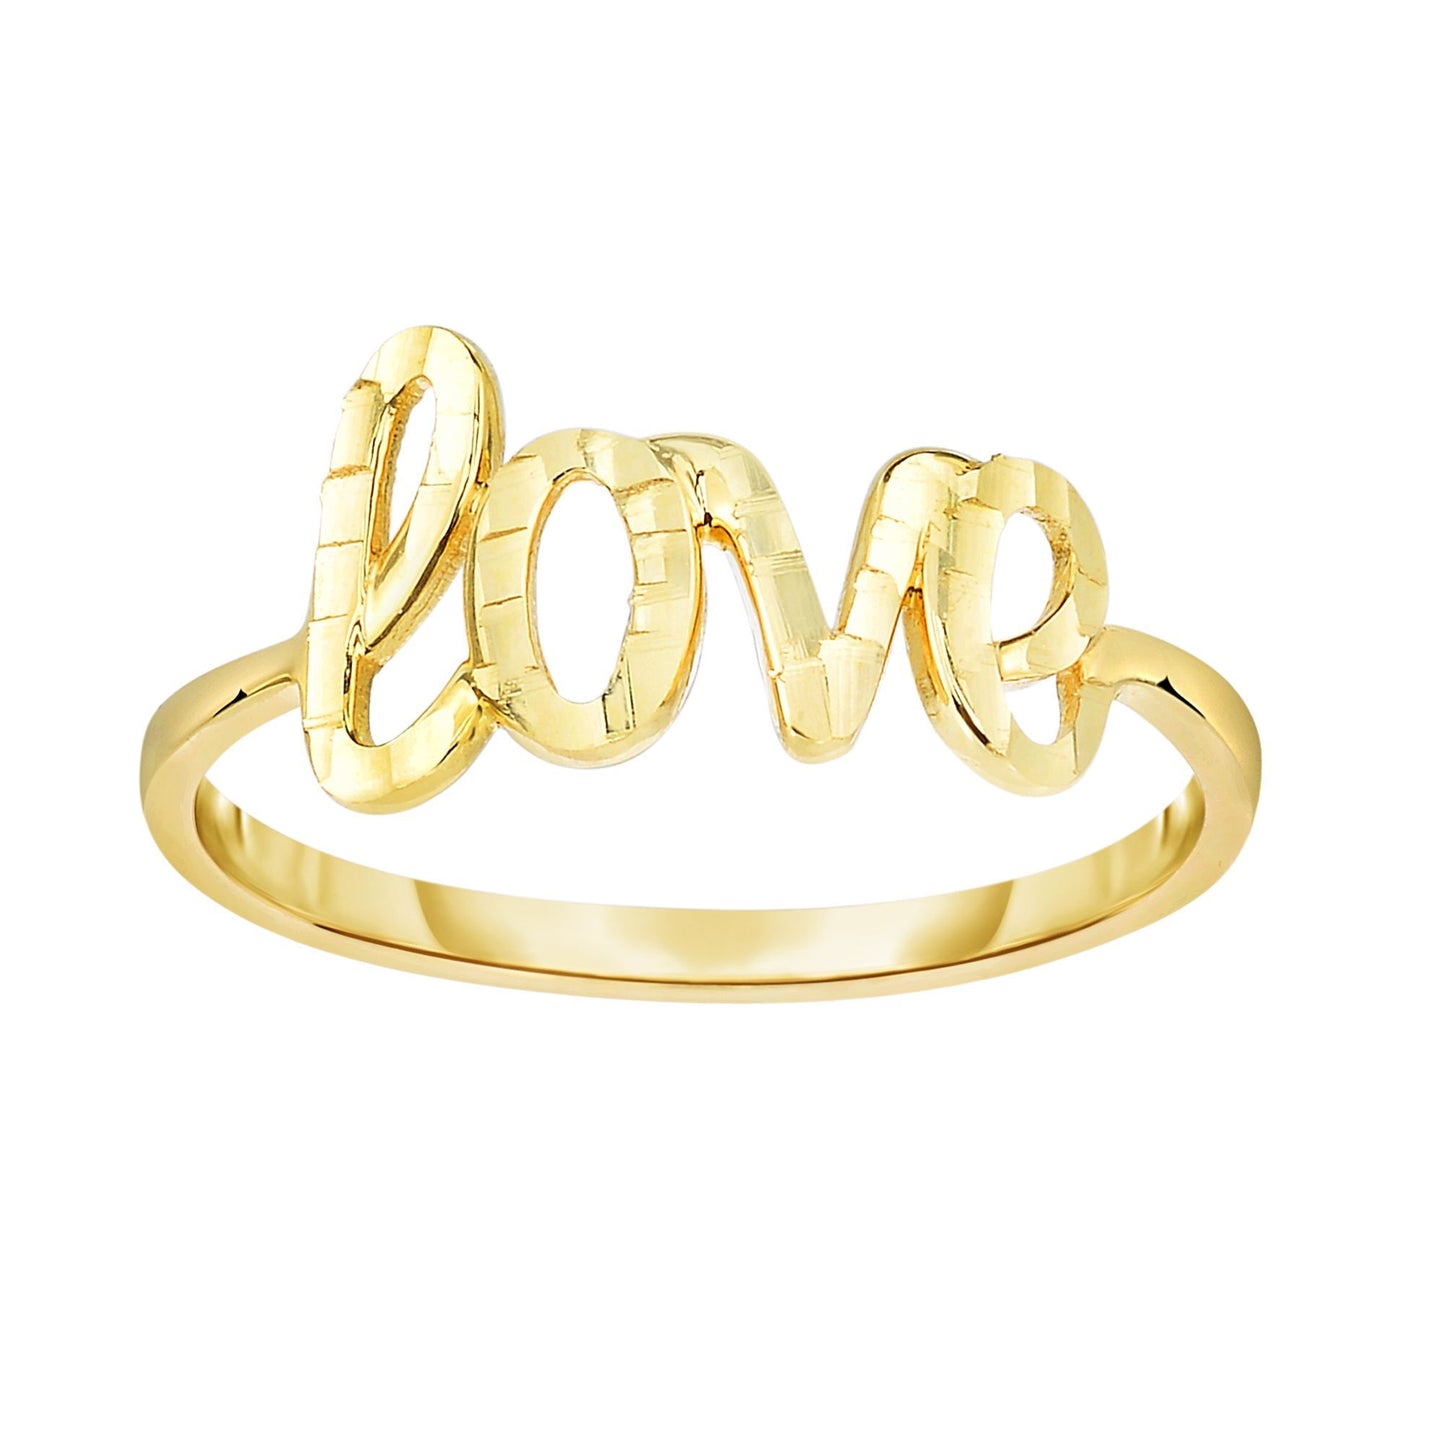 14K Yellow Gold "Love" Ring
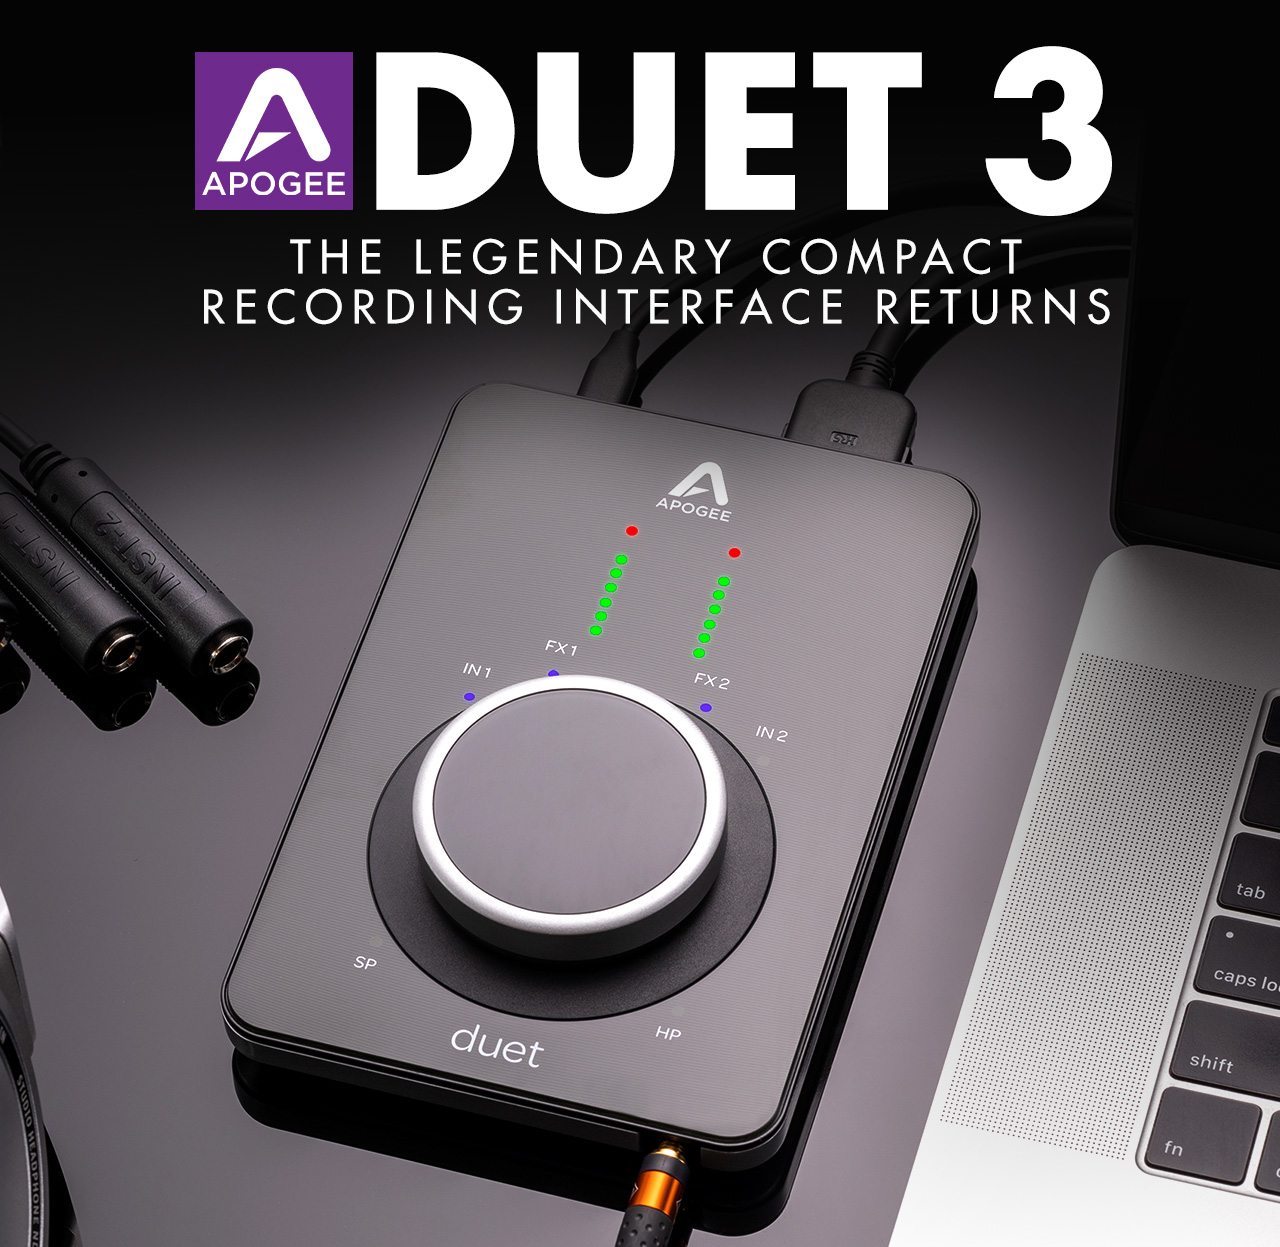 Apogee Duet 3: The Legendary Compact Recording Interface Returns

*-*-*

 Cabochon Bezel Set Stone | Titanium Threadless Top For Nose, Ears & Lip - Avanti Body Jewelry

*-*-*

Pictures in the entries do not go into the copy. Print only the lines starting at the one containing "14K Yellow Gold" and ending at the one containing "Apogee Duet 3: The", exactly as they appear.

 14K Yellow Gold "Love" Ring
 Apogee Duet 3: The Legendary Compact Recording Interface Returns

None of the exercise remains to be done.